Чудесный напиток мягко выплеснулся на стол, рюмка, перевернувшись, сама собой, выпрыгнула из дрогнувшей руки Изольды и, кувыркаясь, упала на пол, разбившись на сотни мелких осколков и ароматных брызг.
– Он был очень славный, всегда улыбался, и лицо у него при этом становилось такое… ласковое, с ямочками. А я еще только-только в девятый класс пошла. Разумеется, я влюбилась, – мать грустно улыбнулась и, крепко сжав рюмку в ладонях, легонько потрясла ее: коньяк плавно закачался, и в медовой глубине тускло отразилась лампочка, висящая под потолком. – Он был красив, умен, галантен и безумно талантлив. Ему исполнилось двадцать четыре. Уже не мальчик, а мужчина… Это было безумие! Я бегала к нему на каждый спектакль, знала наизусть весь его репертуар, могла напеть любую арию… Конечно, я была не одна такая дурочка, у Нурлана много поклонниц и сейчас. Он умеет располагать к себе людей. Всегда такой вежливый и внимательный, охотно разговаривал с нами, смеялся, а иногда мы даже гуляли – всей толпой шли на Набережную или в Липки! Вот такой он был…

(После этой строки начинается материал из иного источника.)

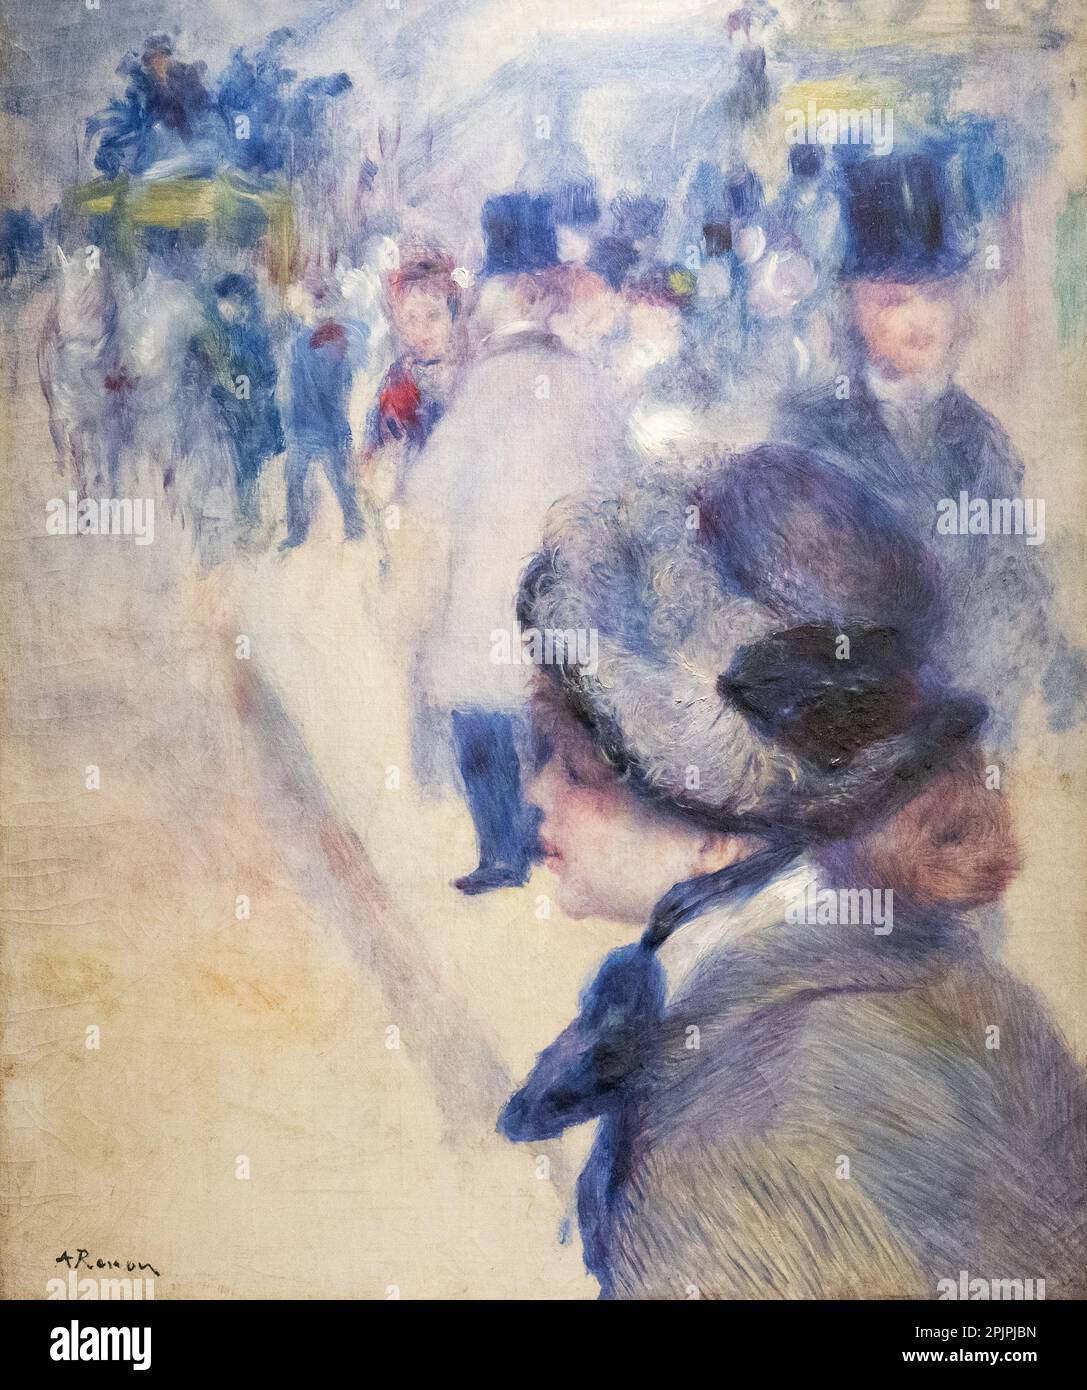 Pierre Auguste Renoir painting, La Place Clichy, c.1880; France; 19th century French Impressionist painter. Example of French Impressionism. Stock Photo

Мать вздохнула и отпила глоток коньяка. Не глядя на дочь, задумчиво подцепляющую длинным ноготком последний кружок лимона, лежащий на тарелке, она продолжала рассказывать свою историю нарочито монотонным голосом, специально лишив рассказ эмоциональной окраски. Она боялась сбиться, не договорив главного, и заплакать, так и не объяснив дочери, почему всю жизнь обманывала ее!
– А потом его пригласили из Саратова в Москву, в Большой театр. Ты же слышала этот голос – мы с самого начала знали, что Нурлан надолго не задержится в нашем городе, но какая была трагедия для всех его поклонников, когда он уехал! Я думала, что сойду с ума! Я плакала днями и ночами, и мои родители наконец не выдержали. Пообещали мне поездку в Москву, если я хорошо закончу учебный год… Я сдала экзамены на четверки и пятерки, и в день моего шестнадцатилетия мне подарили билеты на поезд. Так и получилось, что в июне я отправилась к Нурлану… Ну, то есть это я знала, что еду только к нему, а для всех остальных я ехала в столицу погулять, посмотреть достопримечательности, походить по театрам!.. Мама попросила свою двоюродную сестру приютить меня на неделю, дали мне с собой денег. И я поехала – навстречу собственной судьбе. Вот в эту неделю все и случилось.
Зинаида допила коньяк и, выхватив лимон из пальцев Изольды, быстро сжевала его и проглотила, даже не поморщившись. Ее худые руки беспокойно заерзали по столу, не находя себе места, и женщина, виновато улыбнувшись дочке, сцепила их в замок и положила себе на колени. Потом, откашлявшись, она снова заговорила, и ее рассказ уже ничем не напоминал романтическую историю о первой любви школьницы к молодому певцу. Стараясь поскорее разделаться с неприятными воспоминаниями, женщина говорила так быстро, что Изольда едва понимала ее торопливую речь.